The main disadvantage of vacuum dehydrators is their cost and comparatively low flow rate. Because of the cost, many companies chose to rent dehydrators on an “as-needed” basis rather than purchase them.
The main advantage of vacuum dehydrators is that they offer the ability to remove moisture to very low levels. The greater the volume of oil and water, and the lower the target moisture level, the more cost-effective vacuum separation becomes.
An alternative technology to vacuum dehydration is dehydration by air stripping (Figure 4), a process that removes water as well as gaseous contaminants in the oil. Not only does it remove free and emulsified water, but also dissolved water down to less than 100 ppm.
Figure 4. Air Stripping Dehydrator
Because of its ability to degas, it is also suitable for removing hydrocarbons in seal oil systems. Air stripping works by drawing air or nitrogen gas into a stream of heated oil, which mixes in and absorbs the water and gasses within the oil. The oil/air is then expanded to release the air or nitrogen, which takes the impurities with it. Generally, the water removed will be of a reasonable quality, sufficient to allow it to be drained off in the normal network without special disposal requirements. The exhaust air and gasses are also controlled to minimize the oil vapor released.
Just like vacuum dehydrators, cost is an issue with air stripping. However, its advantage is that it costs less to maintain than a typical vacuum dehydrator because it has fewer moving parts. The fact that it can also remove other gaseous impurities, as well as dissolved water, makes air stripping technology an effective alternative to vacuum dehydration.
Some applications are self-cleansing because they run at elevated temperatures and consequently, water is evaporated. The combustion engine is a perfect example of a self-cleaning application. However, some settling tanks (see gravity separation) may also include heating elements to assist with water removal below the saturation point. Whether it is best practice to deliberately heat the oil briefly to drive off moisture to maintain oil health is open to debate. Allowing the water to remain in the oil is usually far more damaging than briefly heating the oil. Therefore, heater units are available as portable water removal systems. In static systems, like reservoirs, it is important to ensure that the power density of such elements remains below 5W/in2 to minimize thermal stress to the oil.
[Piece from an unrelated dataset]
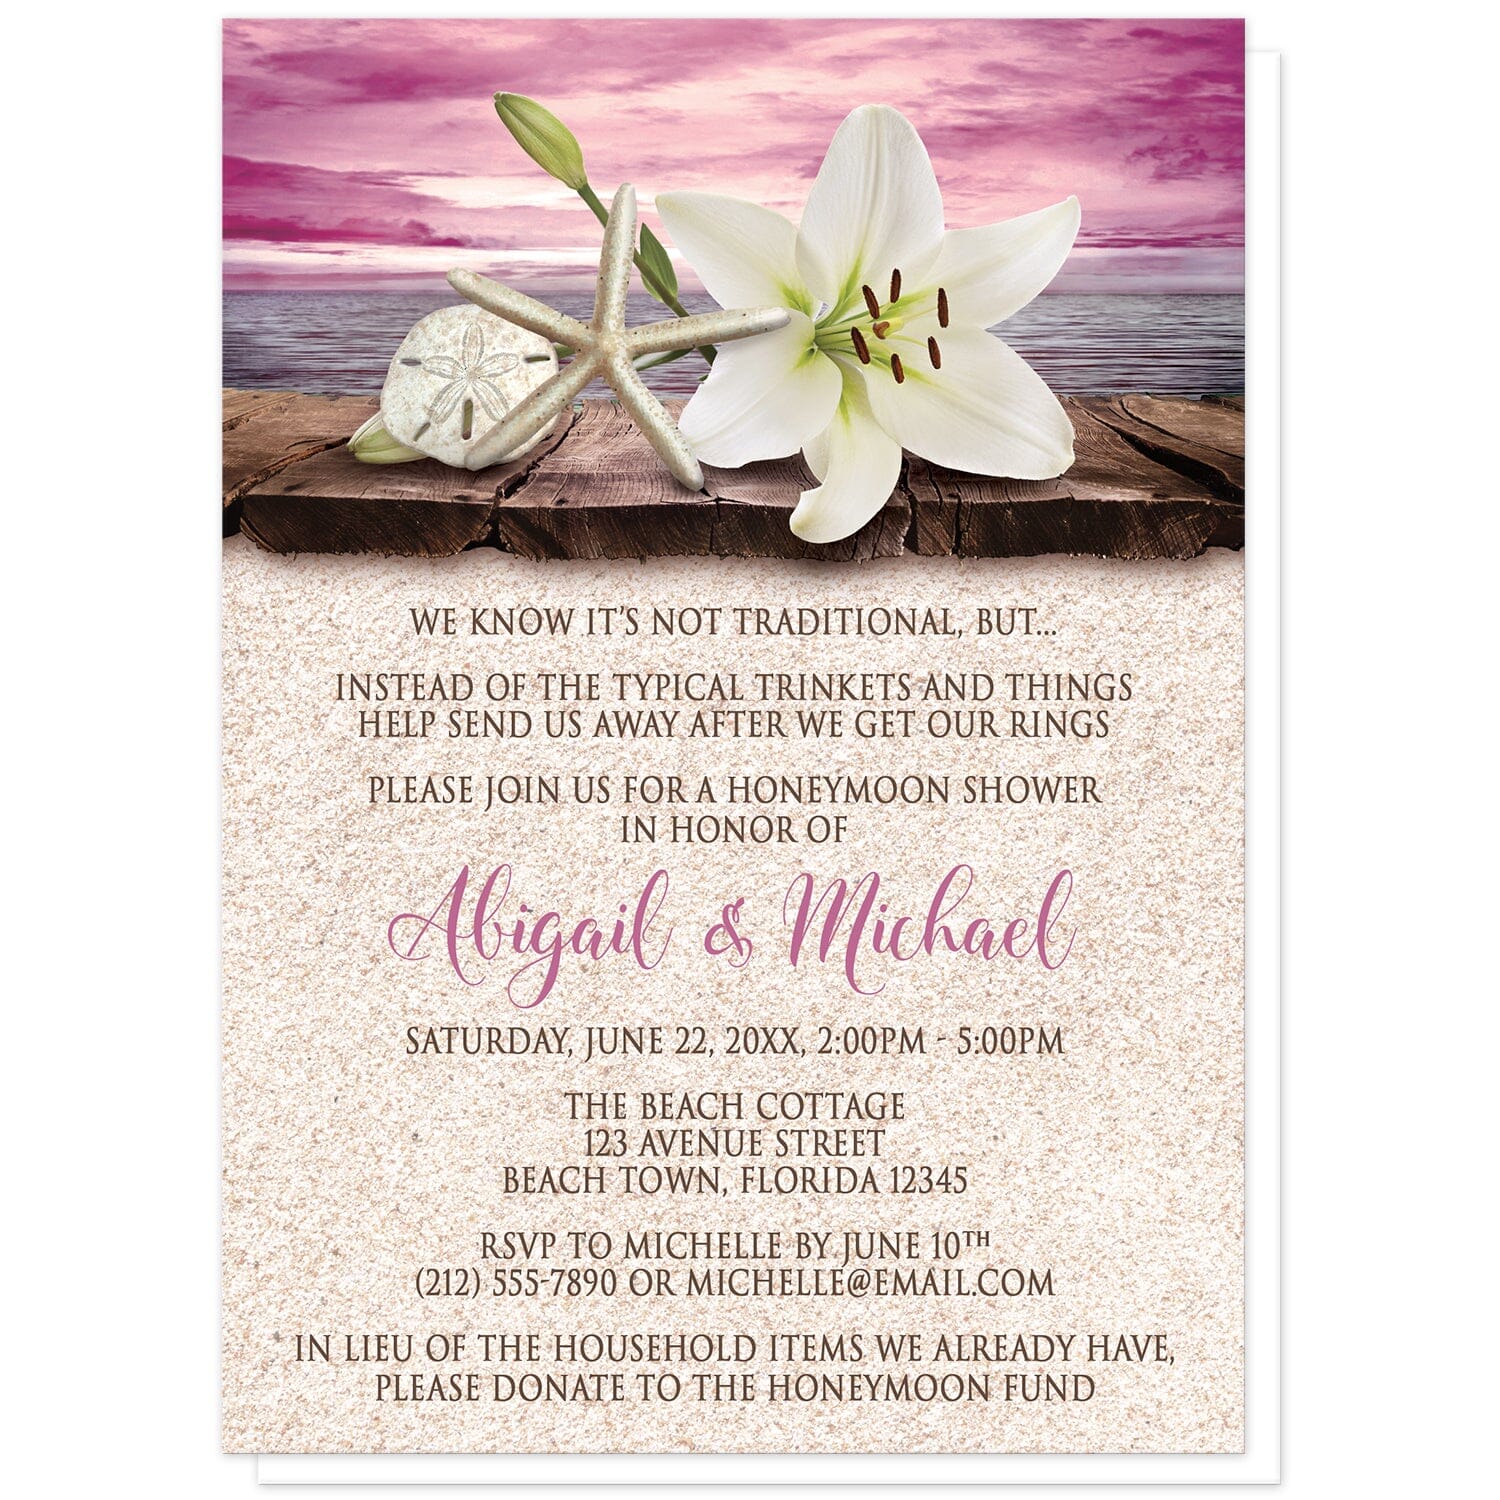 Lily Seashells and Sand Magenta Beach Honeymoon Shower Invitations at Artistically Invited. Tropical lily seashells and sand magenta beach honeymoon shower invitations with an elegant white lily, a starfish, and a sand dollar on a rustic wood dock overlooking the open water under a magenta sunset sky. Your personalized honeymoon shower celebration details are custom printed in dark brown and magenta over a beige sand background design. 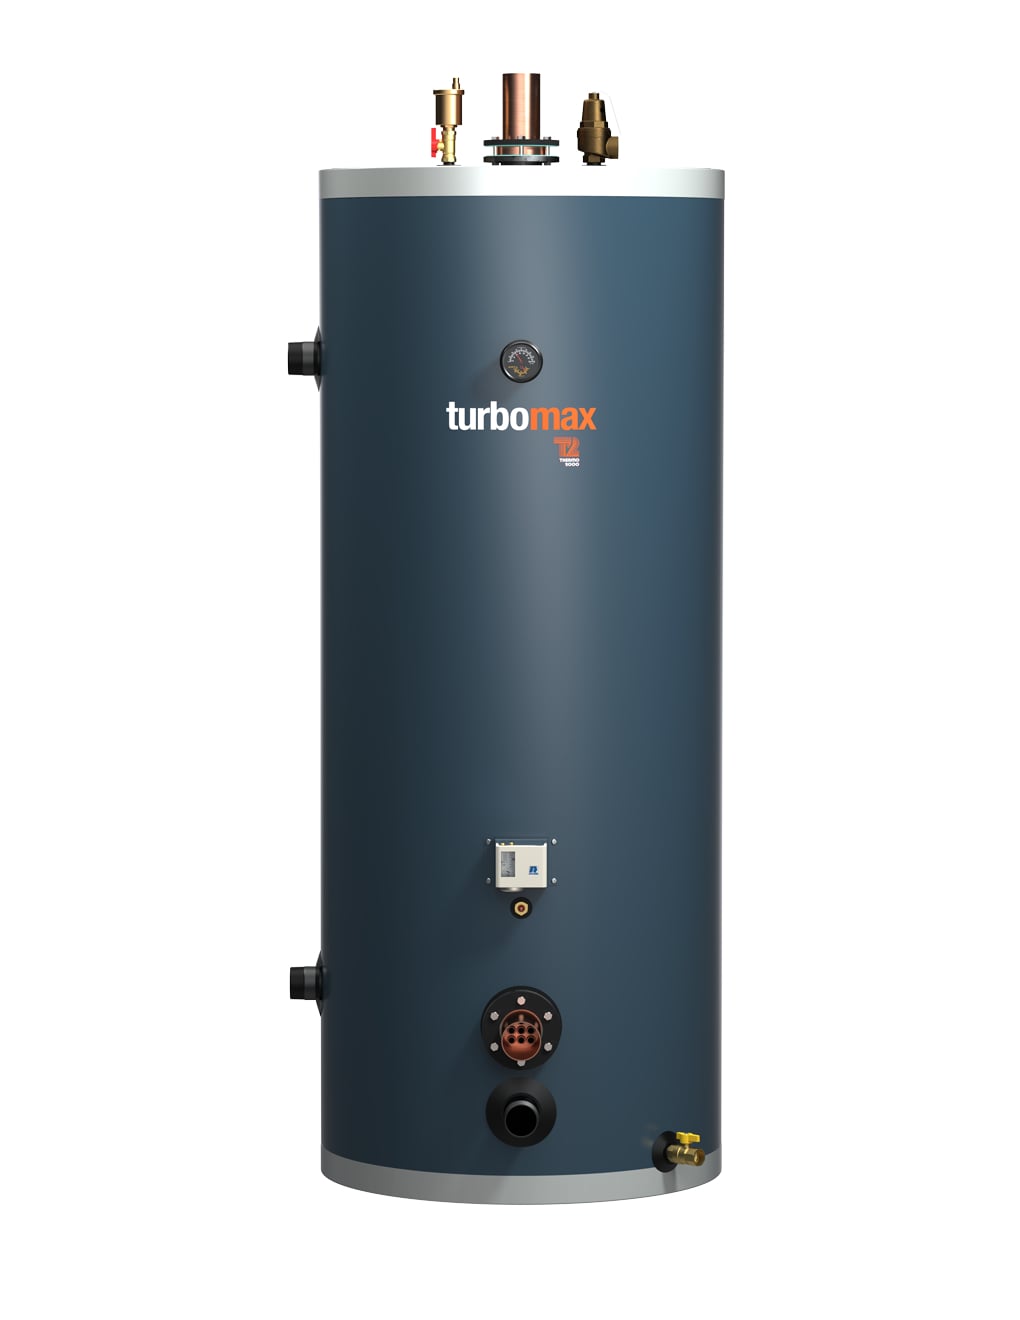 Thermo 2000 Turbomax Indirect Water Heater

The downside to heating oil is that it must be controlled, particularly with mineral oils, to avoid harm. However, the relative cost is less than the centrifugal or vacuum separation technologies, making this an effective water removing tool in certain circumstances. The decision about which main water removal technology is best will predominantly be based on the volume of oil and the water to be treated. The decision will be further impacted by the need to reach a target moisture level. If target moisture levels are well below the saturation limit, then more complex and expensive methods will be required as necessary if large quantities of free and emulsified water are to be removed.